How to create a custom Retriever
Overview
Many LLM applications involve retrieving information from external data sources using a Retriever.
A retriever is responsible for retrieving a list of relevant Documents to a given user query
.
The retrieved documents are often formatted into prompts that are fed into an LLM, allowing the LLM to use the information in the to generate an appropriate response (e.g., answering a user question based on a knowledge base).
Interface
To create your own retriever, you need to extend the BaseRetriever
class and implement the following methods:
Method | Description | Required/Optional |
---|---|---|
_get_relevant_documents | Get documents relevant to a query. | Required |
_aget_relevant_documents | Implement to provide async native support. | Optional |
The logic inside of _get_relevant_documents
can involve arbitrary calls to a database or to the web using requests.

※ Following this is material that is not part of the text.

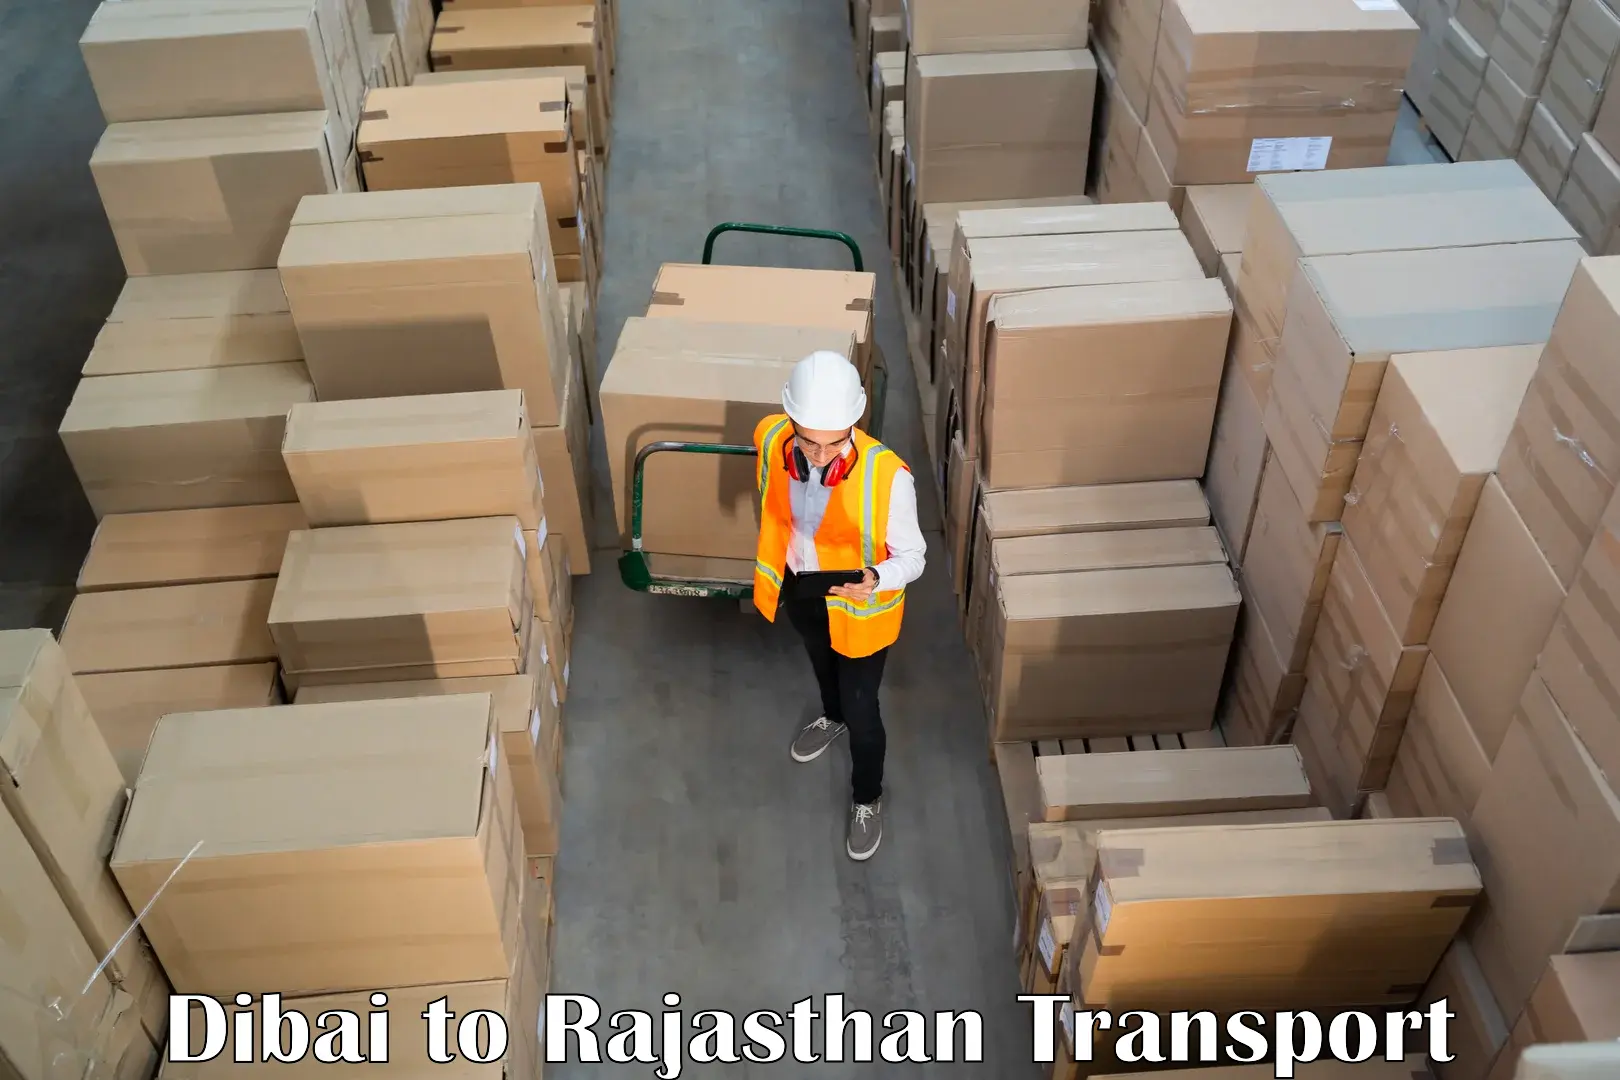 Shipping partner Dibai to Asind

By inherting from BaseRetriever
, your retriever automatically becomes a LangChain Runnable and will gain the standard Runnable
functionality out of the box!
You can use a RunnableLambda
or RunnableGenerator
to implement a retriever.
The main benefit of implementing a retriever as a BaseRetriever
vs. a RunnableLambda
(a custom runnable function) is that a BaseRetriever
is a well
known LangChain entity so some tooling for monitoring may implement specialized behavior for retrievers. Another difference
is that a BaseRetriever
will behave slightly differently from RunnableLambda
in some APIs; e.g., the start
event
in astream_events
API will be on_retriever_start
instead of on_chain_start
.
Example
Let's implement a toy retriever that returns all documents whose text contains the text in the user query.
from typing import List
from langchain_core.callbacks import CallbackManagerForRetrieverRun
from langchain_core.documents import Document
from langchain_core.retrievers import BaseRetriever
class ToyRetriever(BaseRetriever):
"""A toy retriever that contains the top k documents that contain the user query.
This retriever only implements the sync method _get_relevant_documents.
If the retriever were to involve file access or network access, it could benefit
from a native async implementation of `_aget_relevant_documents`.
As usual, with Runnables, there's a default async implementation that's provided
that delegates to the sync implementation running on another thread.
"""
documents: List[Document]
"""List of documents to retrieve from."""
k: int
"""Number of top results to return"""
def _get_relevant_documents(
self, query: str, *, run_manager: CallbackManagerForRetrieverRun
) -> List[Document]:
"""Sync implementations for retriever."""
matching_documents = []
for document in documents:
if len(matching_documents) > self.k:
return matching_documents
if query.lower() in document.page_content.lower():
matching_documents.append(document)
return matching_documents
# Optional: Provide a more efficient native implementation by overriding
# _aget_relevant_documents
# async def _aget_relevant_documents(
# self, query: str, *, run_manager: AsyncCallbackManagerForRetrieverRun
# ) -> List[Document]:
# """Asynchronously get documents relevant to a query.
# Args:
# query: String to find relevant documents for
# run_manager: The callbacks handler to use
# Returns:
# List of relevant documents
# """
Test it 🧪
documents = [
Document(
page_content="Dogs are great companions, known for their loyalty and friendliness.",
metadata={"type": "dog", "trait": "loyalty"},
),
Document(
page_content="Cats are independent pets that often enjoy their own space.",
metadata={"type": "cat", "trait": "independence"},
),
Document(
page_content="Goldfish are popular pets for beginners, requiring relatively simple care.",
metadata={"type": "fish", "trait": "low maintenance"},
),
Document(
page_content="Parrots are intelligent birds capable of mimicking human speech.",
metadata={"type": "bird", "trait": "intelligence"},
),
Document(
page_content="Rabbits are social animals that need plenty of space to hop around.",
metadata={"type": "rabbit", "trait": "social"},
),
]
retriever = ToyRetriever(documents=documents, k=3)
retriever.invoke("that")
[Document(page_content='Cats are independent pets that often enjoy their own space.', metadata={'type': 'cat', 'trait': 'independence'}),
Document(page_content='Rabbits are social animals that need plenty of space to hop around.', metadata={'type': 'rabbit', 'trait': 'social'})]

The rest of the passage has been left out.